Hard to say, it depends how much will the printer driver mangle the character identities. The more “exotic” the character set, the more you risk losing the text. If you can get a hold on the original PDF file that would be much more efficient indeed.

Thanks for your reply,

I guess I ask because the copy itself isn’t text searchable, right? It’s my understanding that the PDF document, no matter if it were text searchable before, once taken into the PP printer driver, is no longer a text searchable document upon entering the workflow from the print input. Therefore, any advanced javascript regex’s I use in order to do my finds for datamapping would not be possible, and would throw errors (As I’m getting). Or is OL capable of running regex text-find on a document that isn’t text searchable (which wouldn’t make much sense to me).

Thank you for your help.

Pretty much, but not always.

The problem with the WinQueue Input task is that the printer driver first converts the print stream produced from any application to PostScript before the WinQueue Input plugin converts it to PDF. The fact that the original was a PDF is completely coincidental, it could have been a web page, a Word document, etc. and the end result would be the same.
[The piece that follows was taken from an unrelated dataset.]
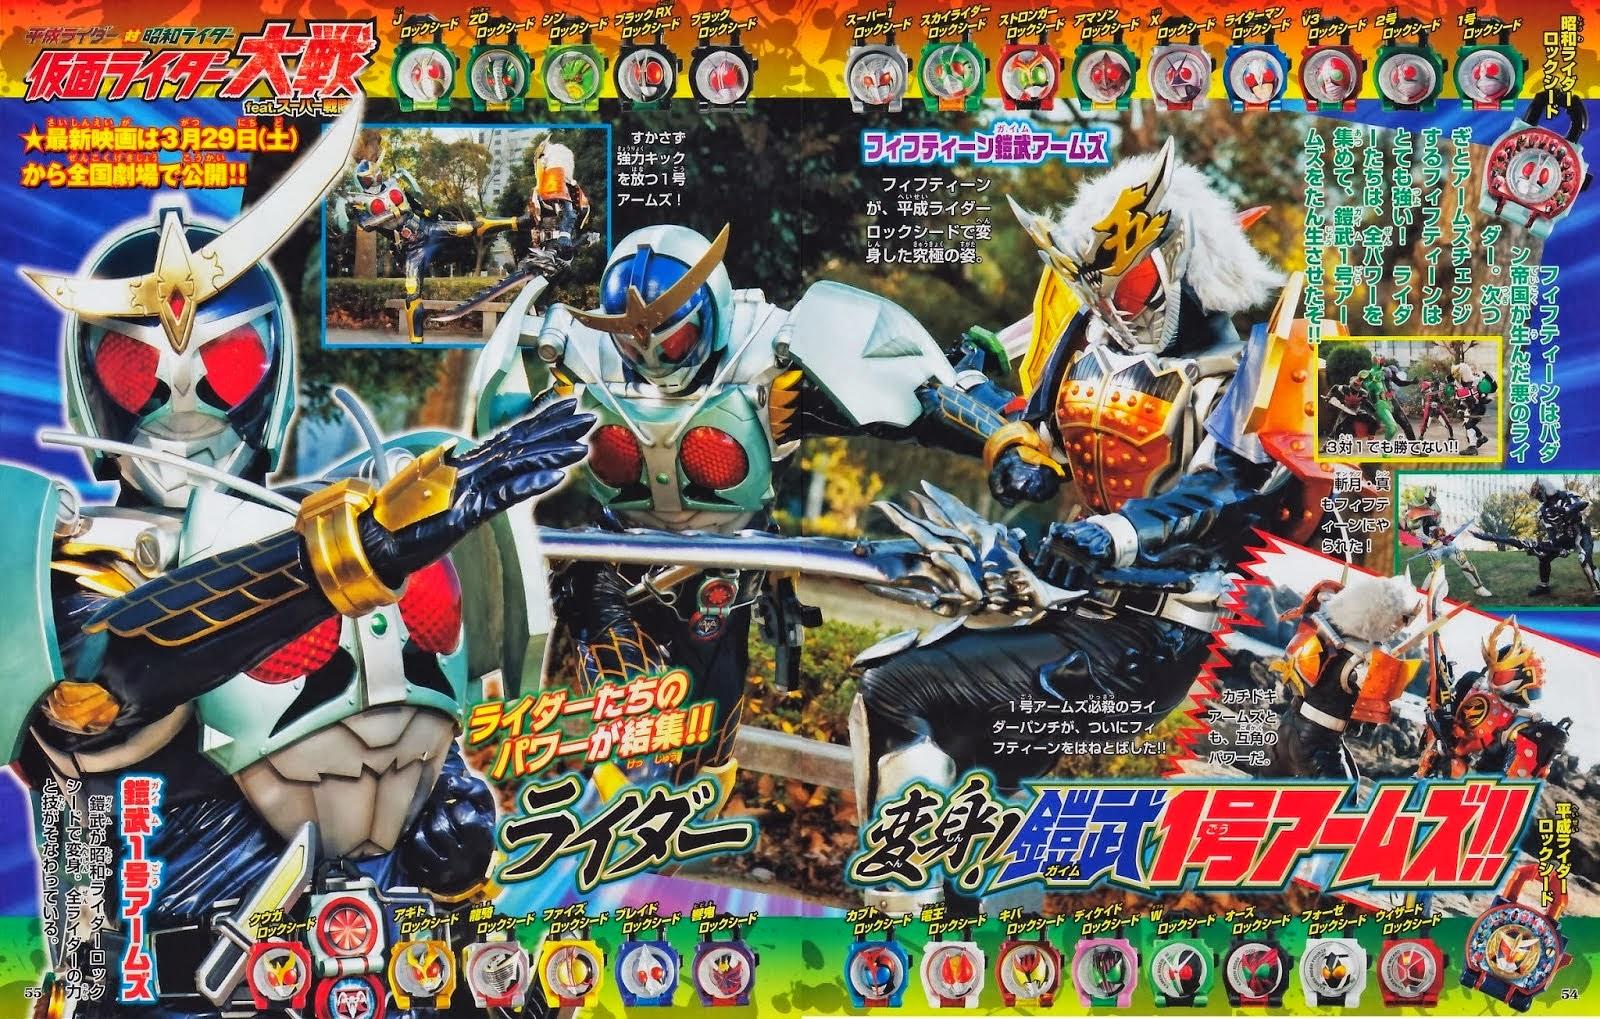 Preview Kamen Rider Taisen Ft Super Sentai Tendou Rider Rider Preview Kamen

It is that conversion to PostScript that causes the issue. PostScript is a printer description language, meaning that the end result is intended to be printed. On paper. So while carefully crafted PostScript code could be written to maintain character identities (i.e. the link between a glyph (i.e. the drawing of a charatcer) and its human meaning), this is seldom done, especially in printer drivers which are usually optimized to, well, print. :-p

Our PDF conversion library (Adobe Normalizer, the library version of Acrobat Distiller) does have some tricks up its sleeve to maintain character identities from PostScript. If the print stream is relatively clean, the original fonts are simple and the text uses just plain ASCII (i.e. English characters), there is a good chance that character identities will make it thorugh. But anything exotic (CJK, Type 3 fonts, etc.) unfortunately likely won’t be recovered.
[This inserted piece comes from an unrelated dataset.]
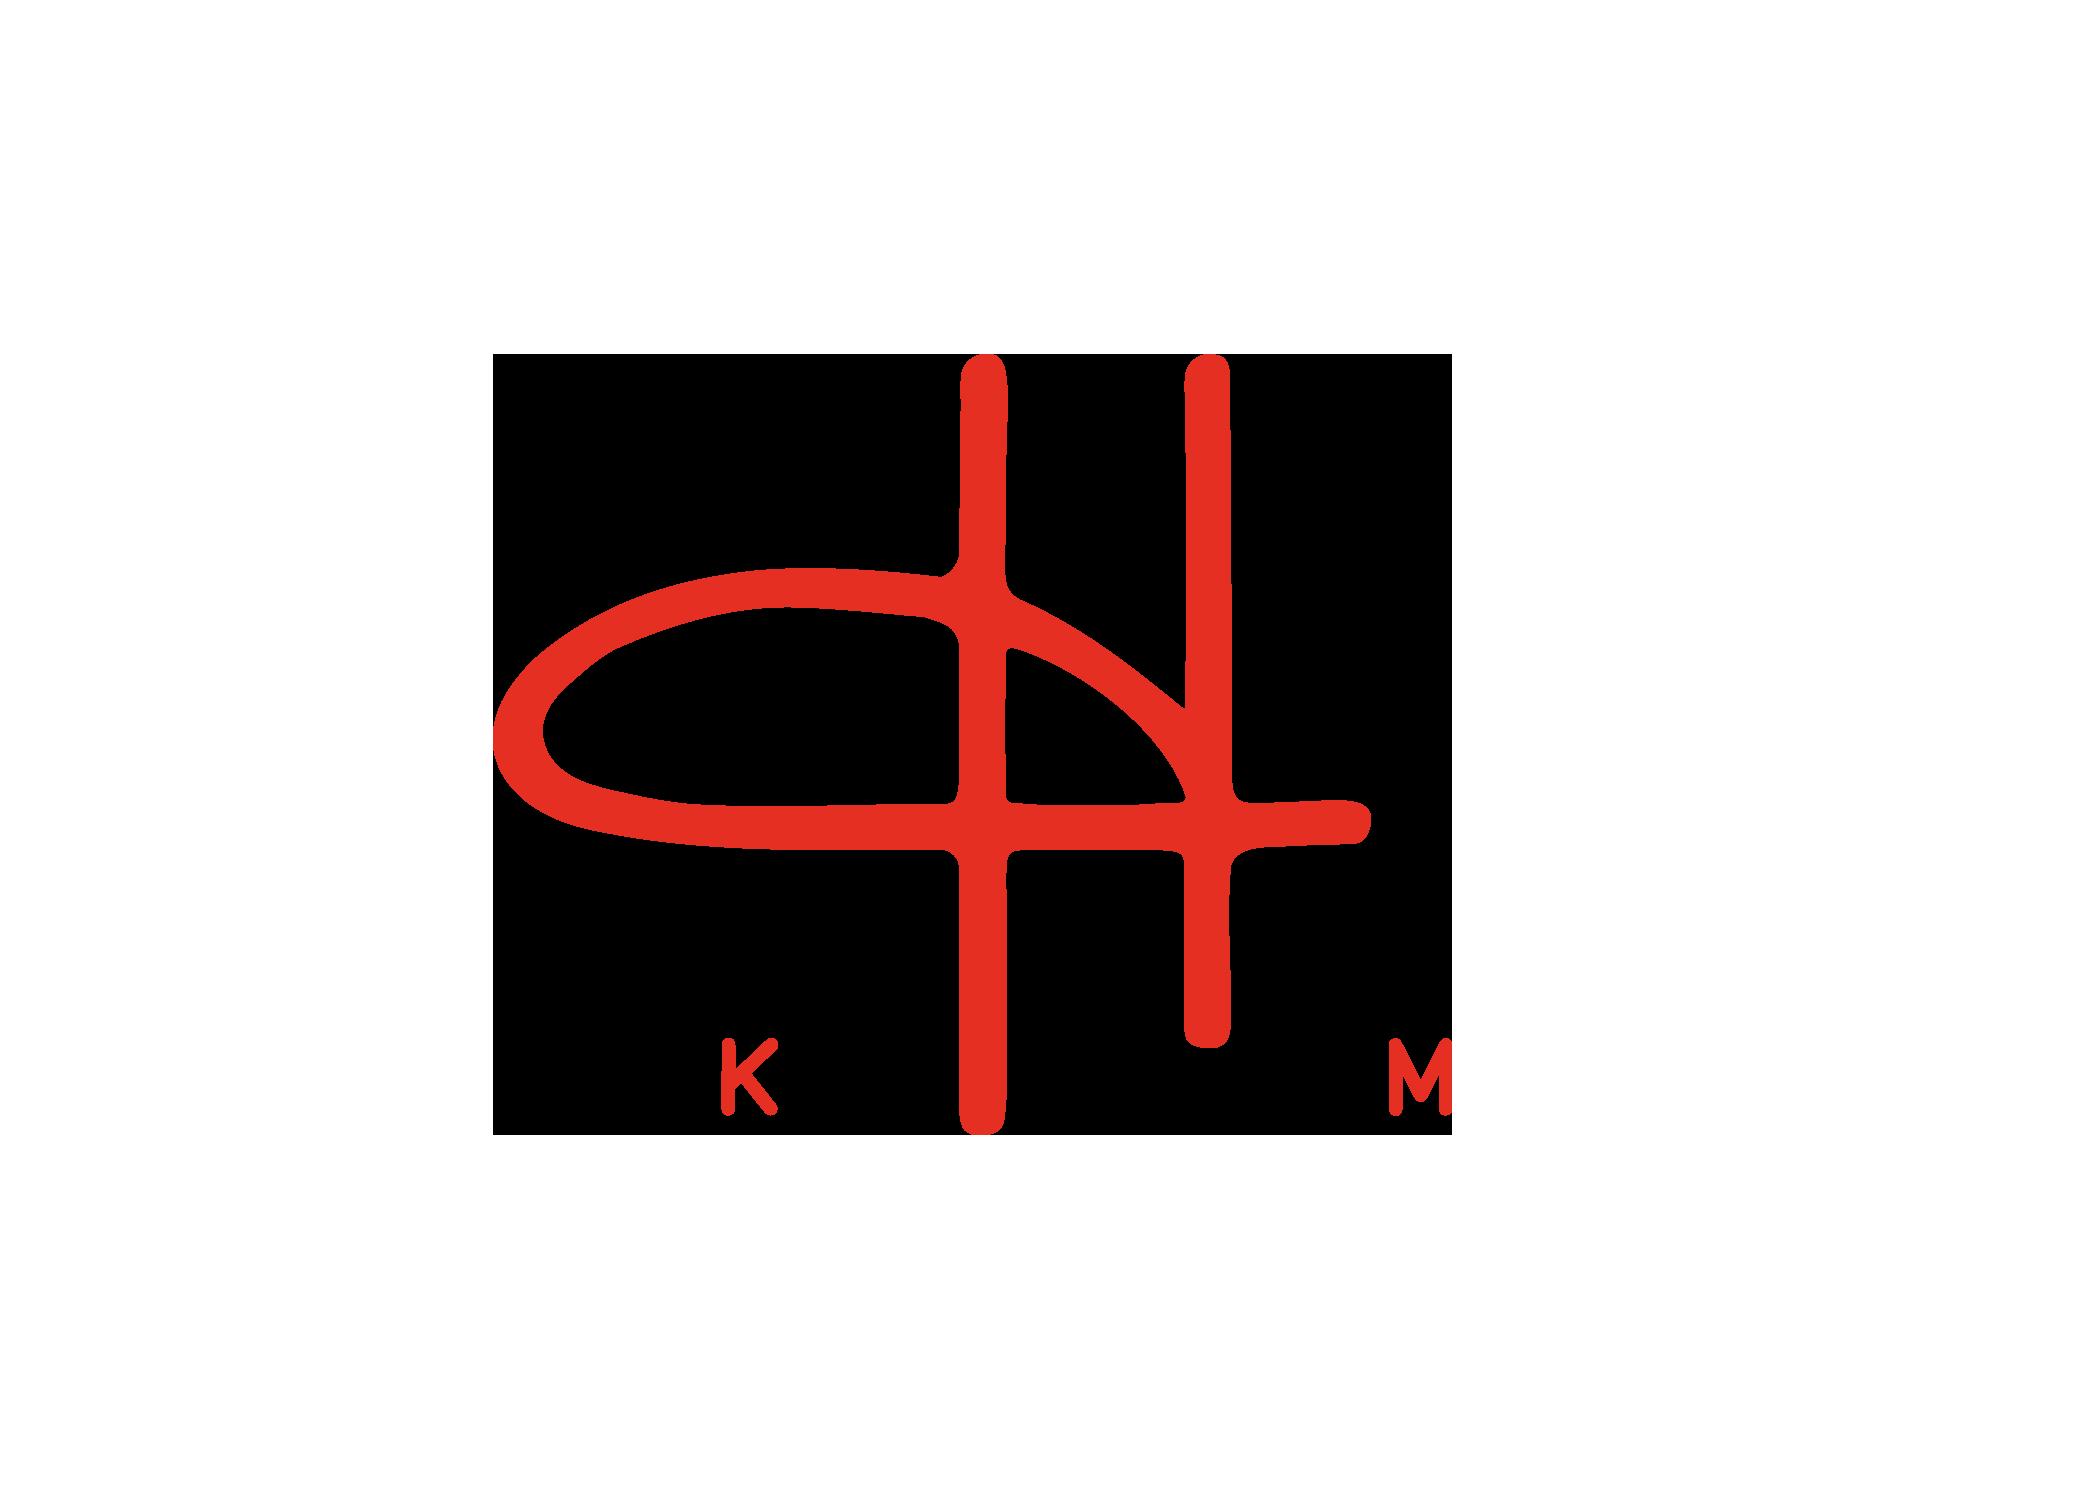 HKM_Mark.png

The exact same thing goes if you use a PDF as background in PlanetPress 7. The PDF goes through the same PDF-to-PostScript-to-PDF conversion process. That’s why we usually advise on using the “stamping” method when character data is important.

Note that OL Connect uses a different technology for PDF background, so results should be better.
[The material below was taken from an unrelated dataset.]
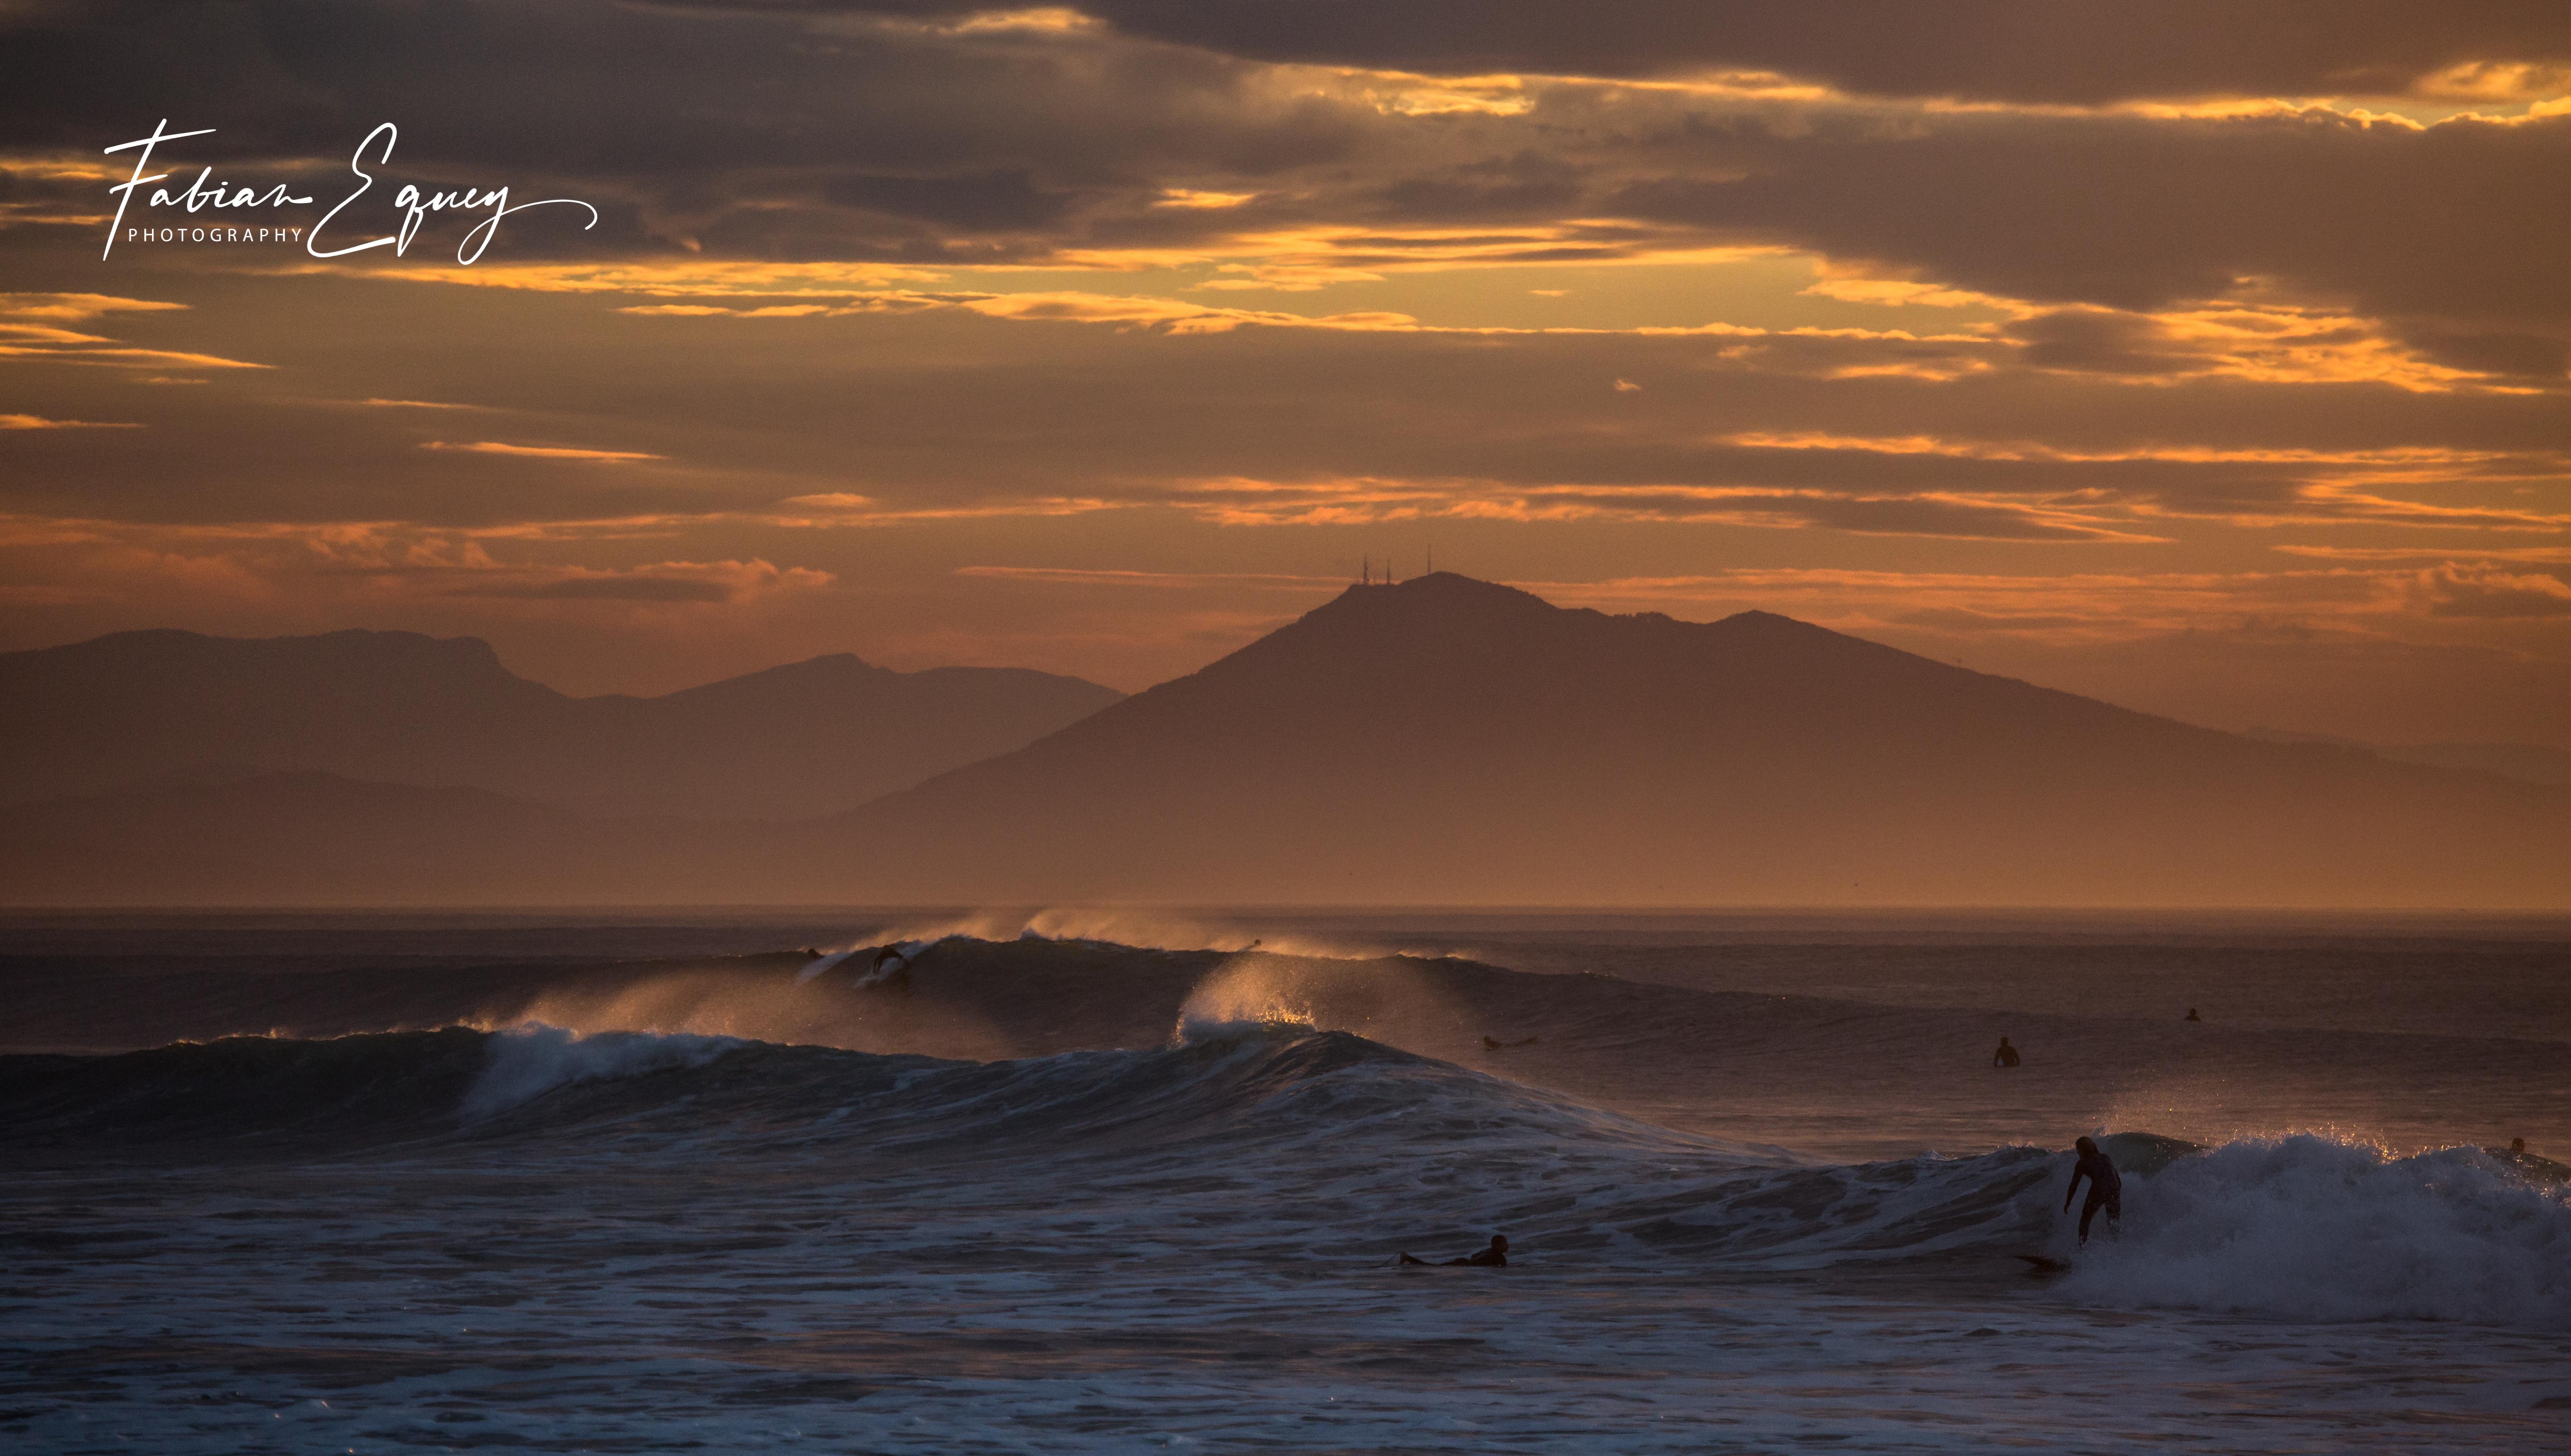 Surfing. Biarritz, France

So yeah… If you want to datamap a print job captured with the WinQueue Input task, chances are you won’t get very far. And you are right, the Connect Data Mapper (or any other application* for that matter) will not be able to extract or find text in a PDF if the text isn’t searchable. Rule of thumb: if copy-paste from Acrobat works, so will data mapping; if not, you’re done for. Hence the reason why, if the original is a PDF, it is much better to find an alternative way to get it in the system instead of going through a print operation.

(*) That is not entirely true. For example, the text could be OCR’ed. Since we start with a perfect print and not a scan, accuracy should be pretty good. But that’s a whole other ball game. So my statement is close enough of the truth to say it is true. :wink:

Thank you so very much for helping me better understand. You’ve 100% answered my question and I appreciate your time and effort in this response.